Implications should be taken with caution as the preliminary evidence is limited in its conclusions by not including a non-broker comparison, the small sample size, and correlational nature of the analysis. Nevertheless, this is the first study to explore the relationship of emotional brokering experiences and L1 proficiency on cognition. Given these limitations, future work should consider an experimental causal design such as priming or inducing positive/negative feelings to examine how EFs are affected by socio-emotional experiences. Future research should explore the effects of language dominance and socio-emotional experiences in other bilingual groups, including bilinguals with and without brokering experiences (e.g. L2 learners, heritage speakers, and formal translators).
Conclusion
With the breadth of findings on bilingualism effects on EF, there is limited knowledge about how specific bilingualism factors influence performance. Recent work (Baum & Titone, 2014; Surrain & Luk, 2017; Takahesu Tabori et al., 2018) encourages bilingual researchers to provide greater details when describing participant sociolinguistic contexts to better understand the root of ‘cognitive differences’ when comparing bilinguals to monolinguals. Our work shows how EF performance is moderated by L1 proficiency and brokering experiences that are emotionally negative. These findings provide evidence on how LB provides an emotional context that can impact EF abilities.
Footnotes
Acknowledgements
The authors are grateful to our research assistant, Gerardo Morales Mendez, for his assistance with data collection.

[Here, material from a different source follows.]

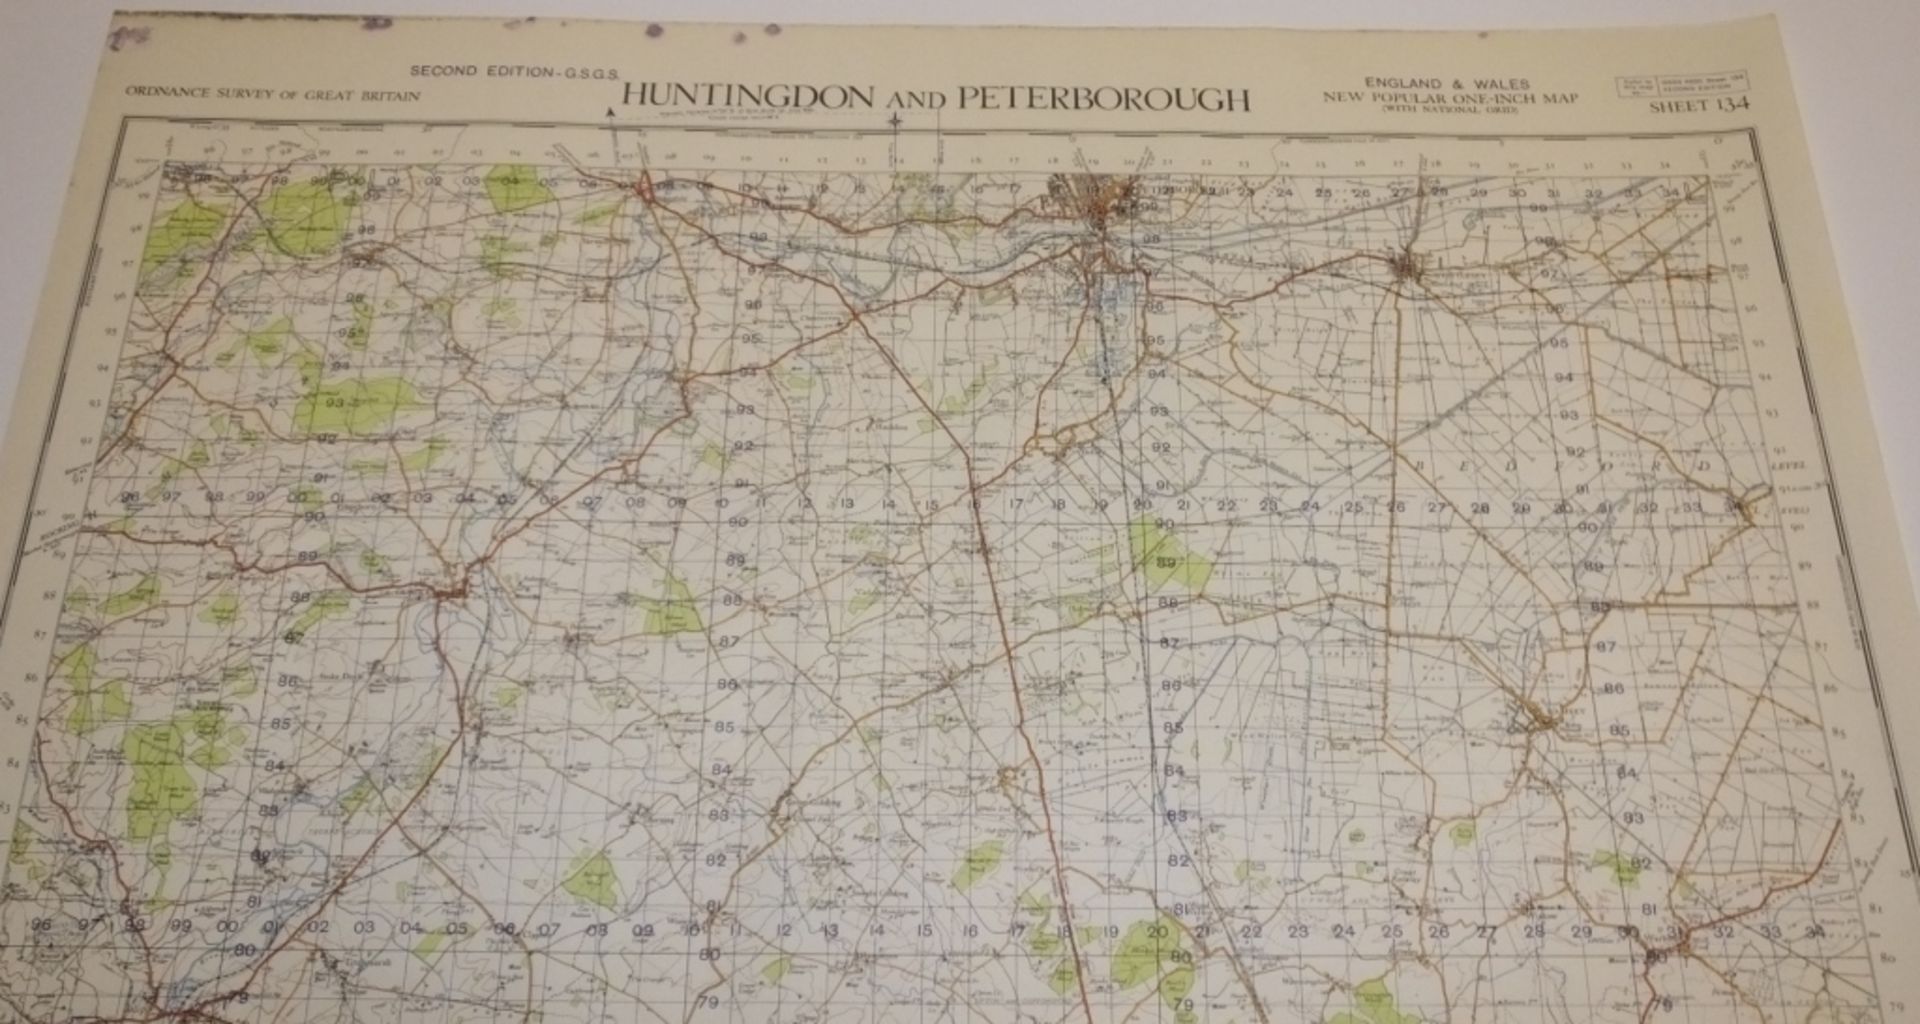 26x ENGLAND & WALES MAP HUNTINGDON PETERBOROUGH 1INCH 1MILE 1952 2ND EDITION 4620 GSGS SHE - Image 3 of 5
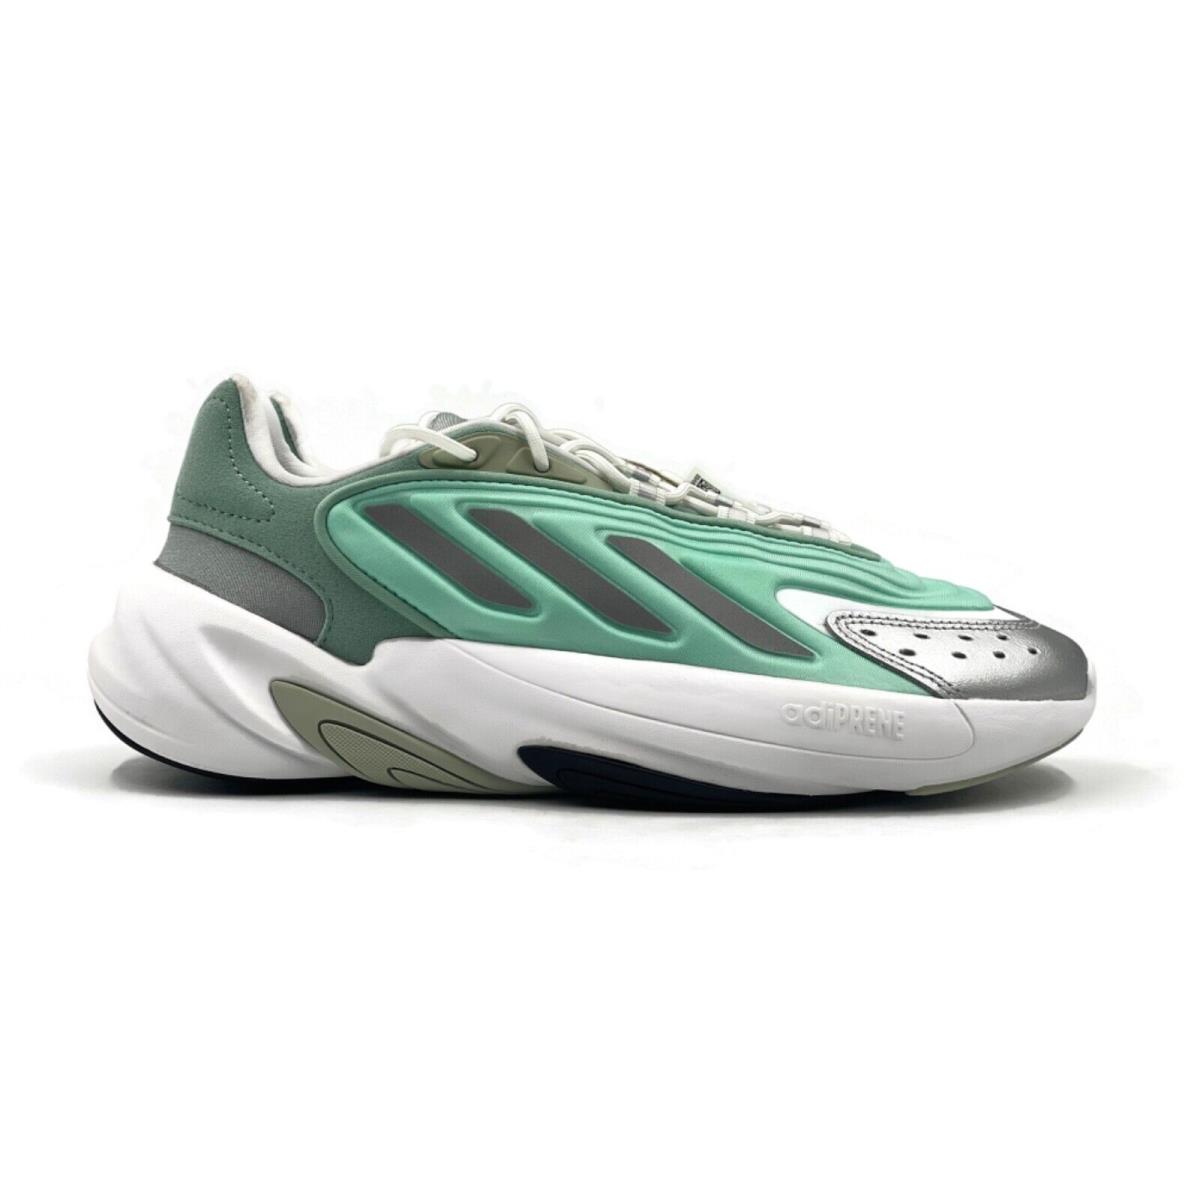 Adidas Ozelia Womens Casual Lifestyle Shoe Green White Athletic Trainer Sneaker

Declaration of conflicting interests
The author(s) declared the following potential conflicts of interest with respect to the research, authorship, and/or publication of this article: Any opinions, findings, and conclusions or recommendations expressed in this article are those of the authors and do not necessarily reflect the views of The University of Texas at Austin and/or the National Science Foundation.
Funding
The author(s) disclosed receipt of the following financial support for the research, authorship, and/or publication of this article: Support for this research was provided through awards to Belem G. López by The University of Texas at Austin’s (UT Austin) Center for Mexican American Studies, the Office of the Dean in the College of Liberal Arts Summer Research Assignment Award, and a 2019–2020 Ford Foundation Postdoctoral Fellowship. Support also was provided through the National Science Foundation, Division of Behavioral and Cognitive Sciences (NSF-BCS) 1651128 awarded to Su Yeong Kim and Belem G. López, and awards to Su Yeong Kim from: (1) NSF-BCS 0956123; (2) Eunice Kennedy Shriver National Institute of Child Health and Human Development 5R03HD060045-02; (3) Office of the Vice President for Research and Creative Grant and Special Research Grant from UT Austin; and (4) Eunice Kennedy Shriver National Institute of Child Health and Human Development 2P2CHD042849-16 grant awarded to the Population Research Center at UT Austin.